We had some wonderful tea and breakfast, then headed over to the house to make chocolate-caramel-pecan pretzel treats and a rainbow cake. It was going to be great. I unwrapped the Rolo candies and placed them on the square pretzels, preheated the oven, and heard stirring from upstairs. I had planned on this being a low-key, stay-in-the-house-and-watch-movies-and-make-food day, since Chris had work most of the day and wanted to do things with us when he got home, so when I heard something upstairs, I was a bit concerned, then peeked outside. Oh: his car was parked outside. He must have called out or not had work. Well, maybe he could help us make...
... but when he spoke, I could tell the difference in his voice. He had called out. He had been planning on drinking all night and into the morning. I could see the laziness in his eyes. I hastily finished up the treats and packed them away in bags.
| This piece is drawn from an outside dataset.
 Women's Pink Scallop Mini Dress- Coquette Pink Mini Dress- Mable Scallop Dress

I didn't want him with us. I told him to go ahead and get dressed if he wanted to go, knowing full well what he would choose.
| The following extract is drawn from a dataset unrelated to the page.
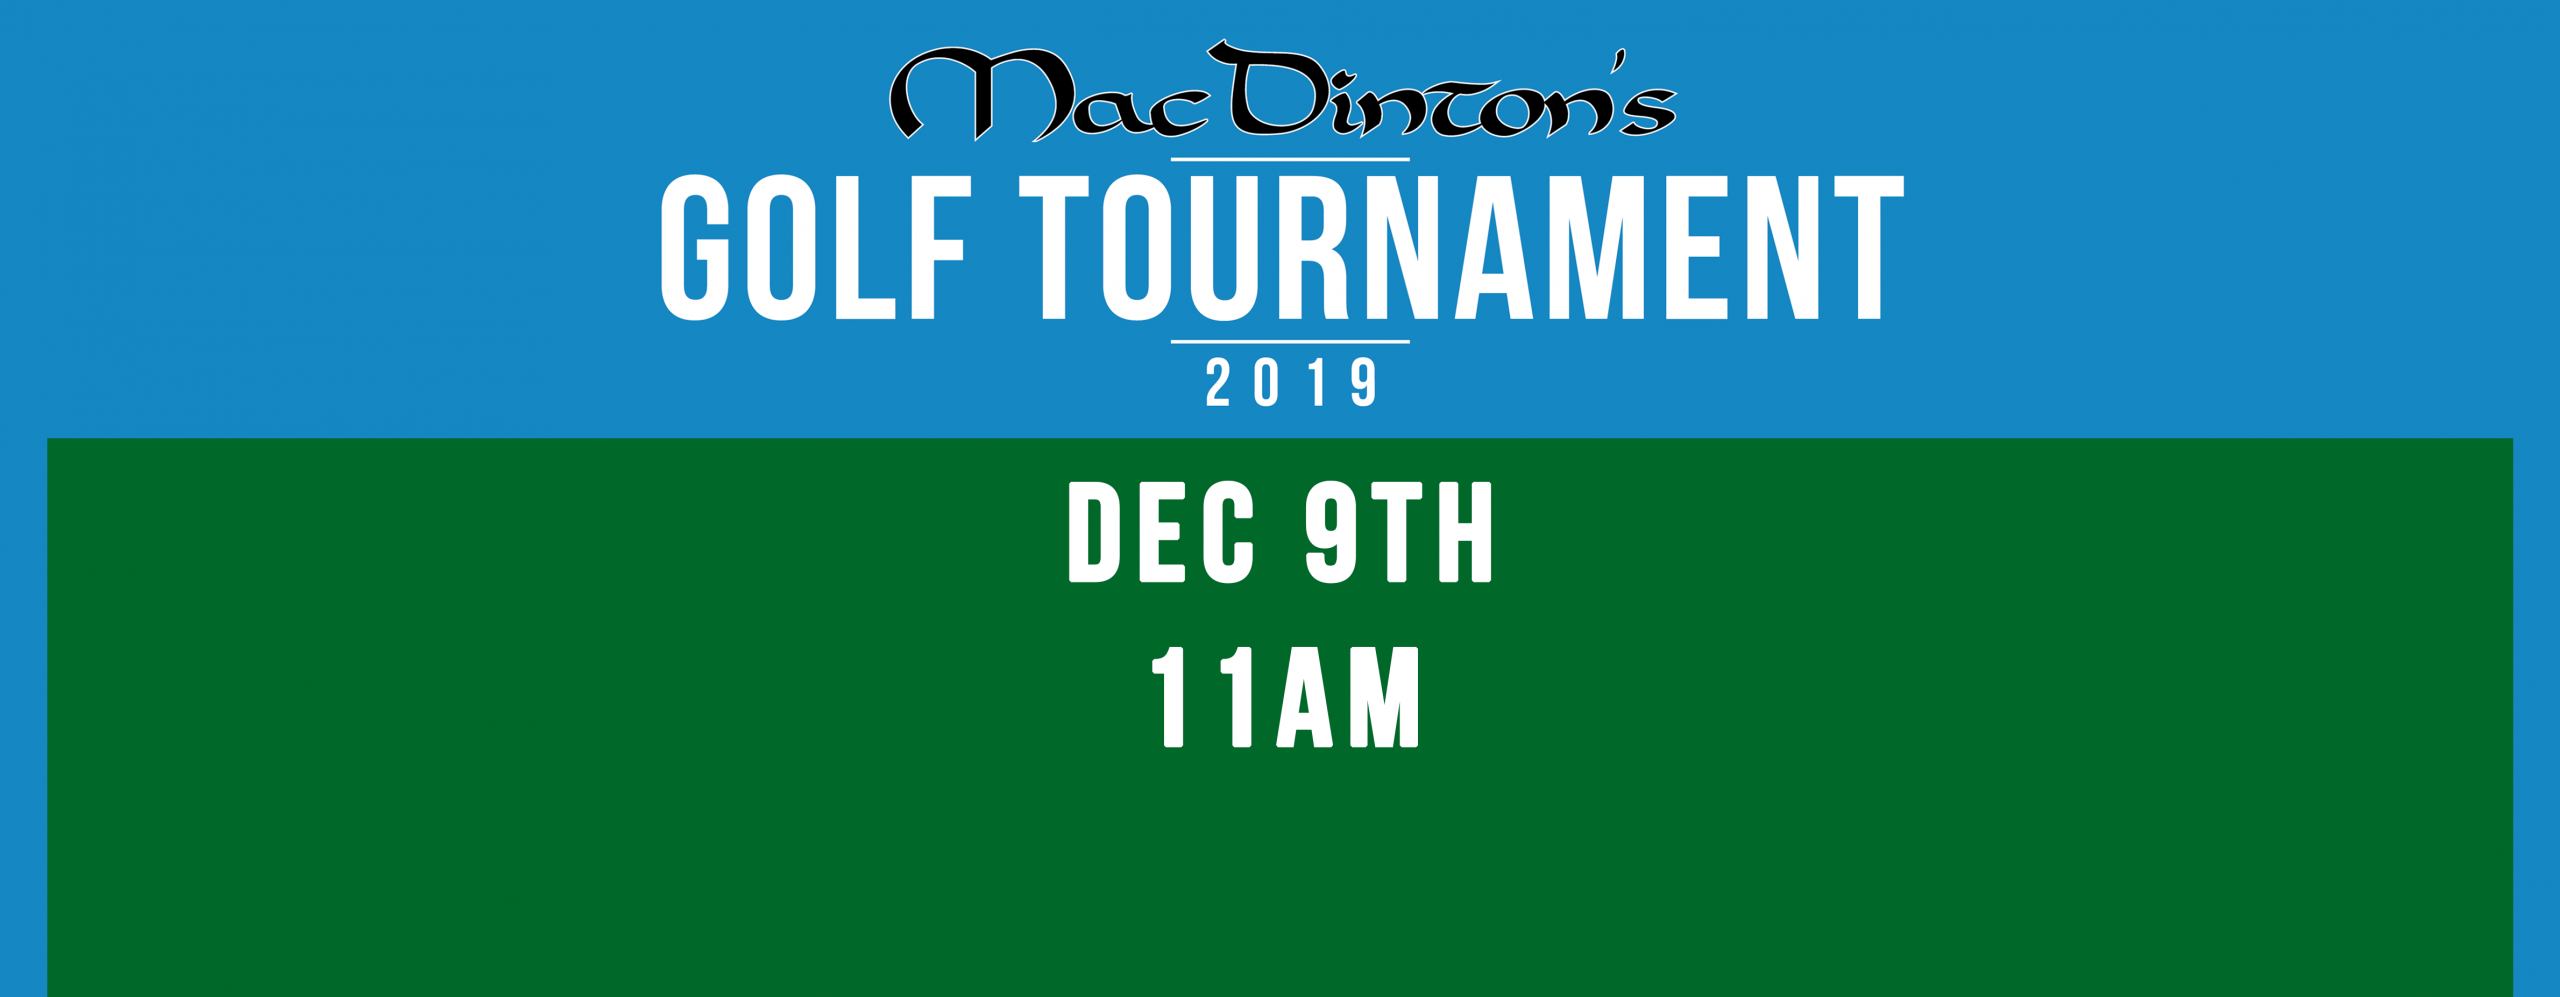 MacDinton's Annual Golf Tournament 2019

I was right. Good. I only felt a little guilty for knowing ahead of time what his choice was going to be. Because I knew that meant, whatever it was worth, that I would rather spend time with Terrana than with whatever was flowing out of that bottle.... wait a minute... no, that's fine, actually. So, with my new resolve, and a bag of very high-calorie treats, we left in the car to drop them off at Ari and Ticky's house. I promised Terrana this would be the last fool's errand or favor I would make. I think it was. I did no one any more favors. I didn't even answer my phone or texts for the rest of the day. I had enough and so did she. The rest of the trip would be for us, dammit.
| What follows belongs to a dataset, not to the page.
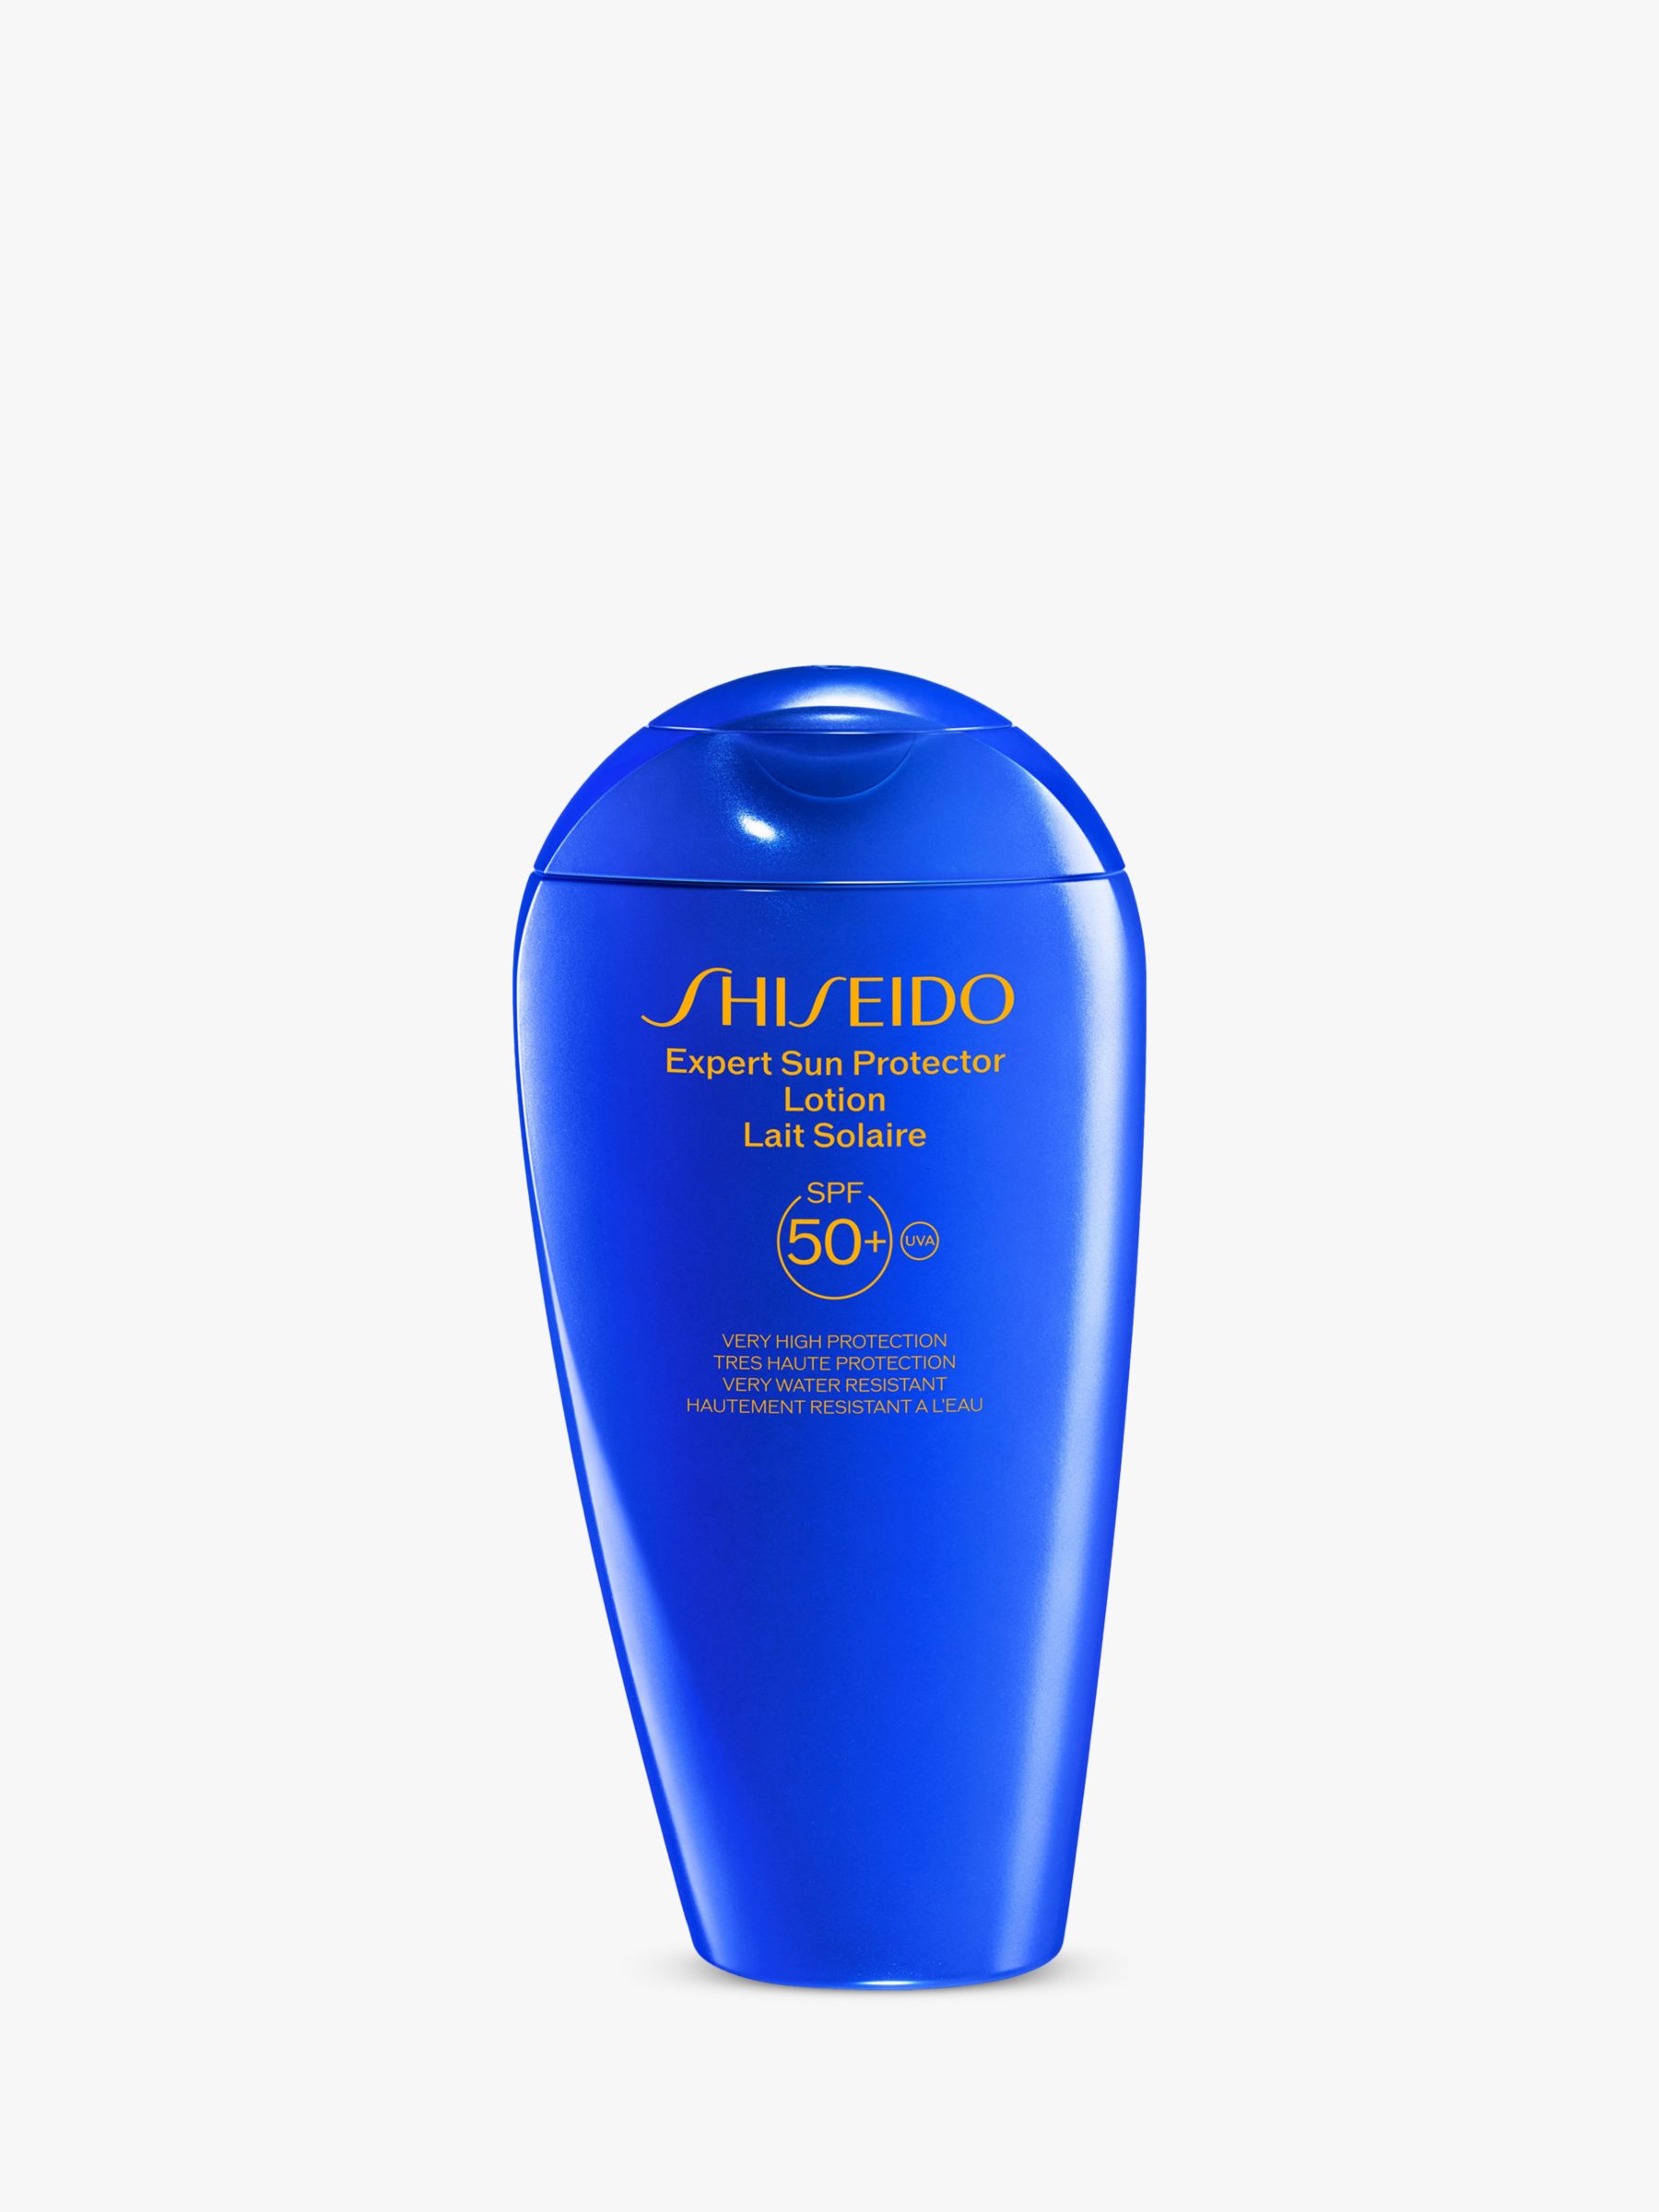 Shiseido Expert Sun Protector Lotion SPF 50+, 300ml

So it was. I took her to some of the more amazing places that I knew about. I didn't want a certain someone to follow us, even if he changed his mind, but tried not to make a big deal of it. I didn't want to ruin things, and I still felt like I had to cover for him, you know? Who wants to deal with that? I took her to Towson Town Center, which was a very large mall that I mostly know for the strange hybrid sculptures in the middle of it as a help for people to remember where they parked. There was a butterfly squirrel and a lion snail. While we were there, we had a nice lunch. P.F. Chang's is one of my favorites. I got my insanely spicy chicken noodle soup and Terrana got one of the lunch specials and some water. While we waited for food, we giggled like children and watched each other do "science" with the liquid in our straws and even took pictures of it. Why? I don't know. Science is enough of a reason for about anything fun.
About the most important thing that I felt growing inside me that day was the increasing need for me to take my desires more seriously. If I didn't act on what I wanted, it's possible no one would know. We did a lot of talking in the car and while walking about the mall and I think Terrana had a sort of pride for me for realizing it. It felt pretty good.
I made a note to do more of it... this 'taking care of me' thing that people have been telling me to do for over a decade and a half.